# С днём варенья нашего Костюнича!!!



## iolka

Счастливым будь - хоть трудно будет иногда,
Любимым будь - любовь спасает нас всегда,
Будь молодцом - в любых условиях держись,
Ведь чтобы ни было - прекрасна эта жизнь!

*С днём рождения!!!!!!*​

пс... Константин - это наш серьёзный админ akoK)))))))


----------



## MotherBoard

Присоединяюсь к поздравлениям!


----------



## Sergei

желаю .. ну короче, всего, чего желаешь!







Желаю радости всегда
И настроения бодрого,
Не знать печали никогда
И в жизни всего доброго.
Никогда не унывать,
Не видеть огорчения
И дни с улыбкой начинать,
Как в этот День Рождения!


----------



## Drongo

Так завтра же?

Костя, всё равно поздравляю тебя с твоим Днём Рождения! Желаю, чтобы у тебя всё было здорово! :good2: Крепкого здоровья, благополучия в семье, успехов на работе и в онлайне. И... В общем от меня, не забудь только имя своё ввести туда. 

С Днём Рождения!
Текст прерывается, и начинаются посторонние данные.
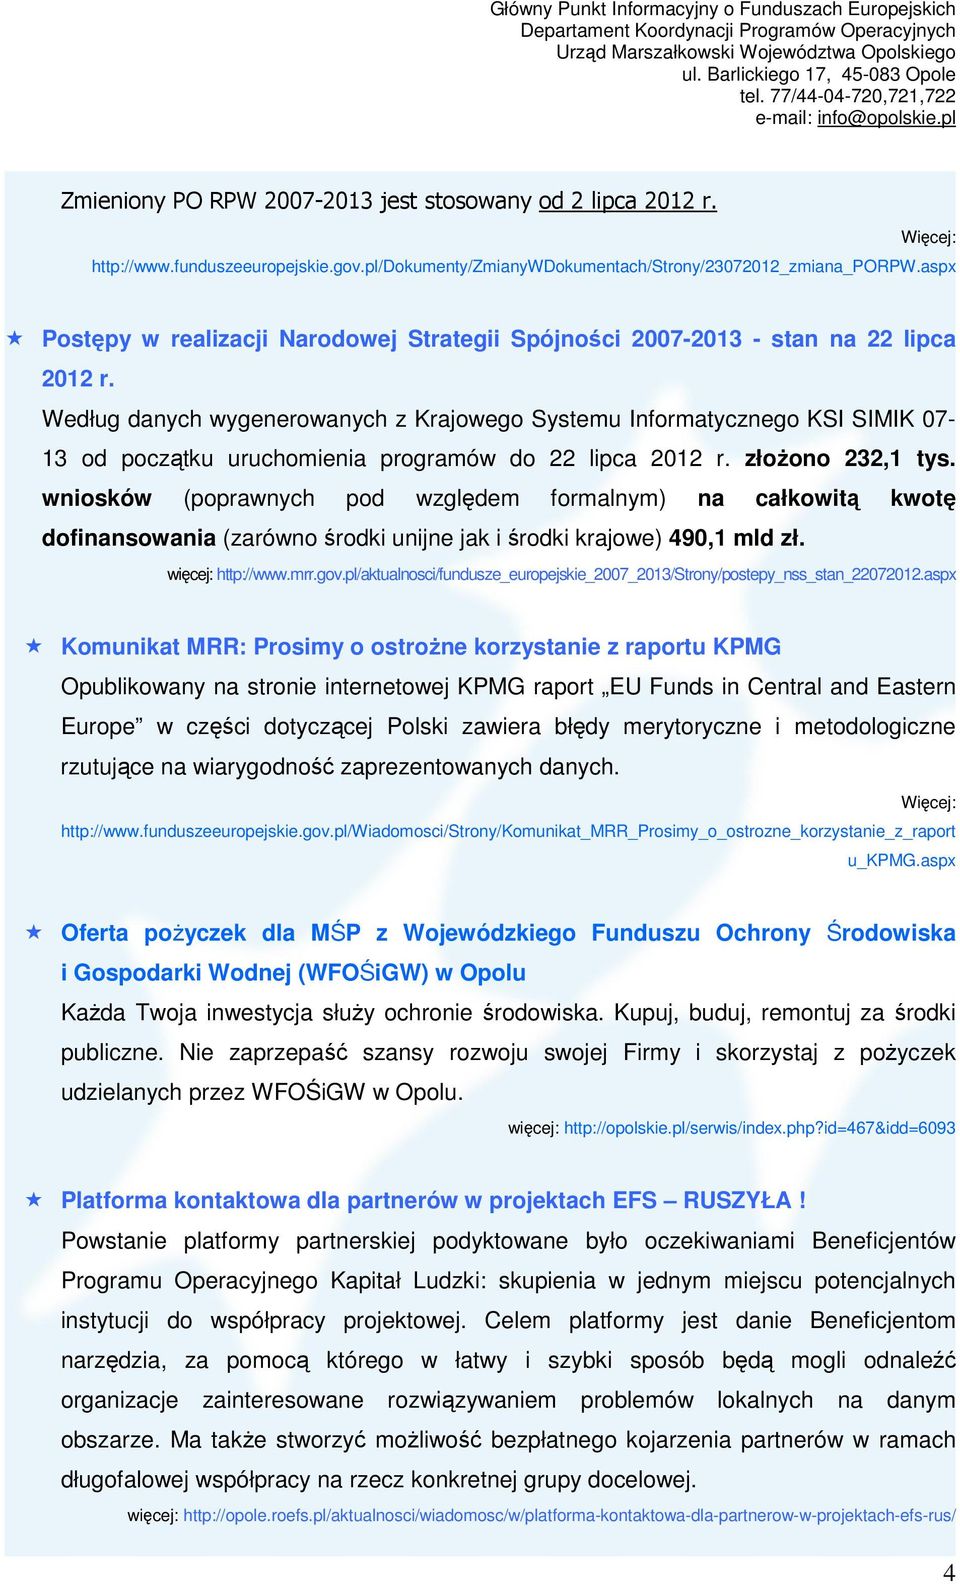 Według danych wygenerowanych z Krajowego Systemu Informatycznego KSI SIMIK 07-13 od początku uruchomienia programów do 22 lipca 2012 r. złoŝono 232,1 tys.

Ура!


----------



## iolka

Drongo написал(а):


> Так завтра же?


у меня уже завтра, так как часовой пояс другой))))... поэтому и поздравила.


----------



## iskander-k

Поздравляю С Днем Рождения ! И желаю самого главного - Здоровья !!! А всё остальное - будет.


----------



## MotherBoard

iolka написал(а):


> у меня уже завтра, так как часовой пояс другой))))... поэтому и поздравила.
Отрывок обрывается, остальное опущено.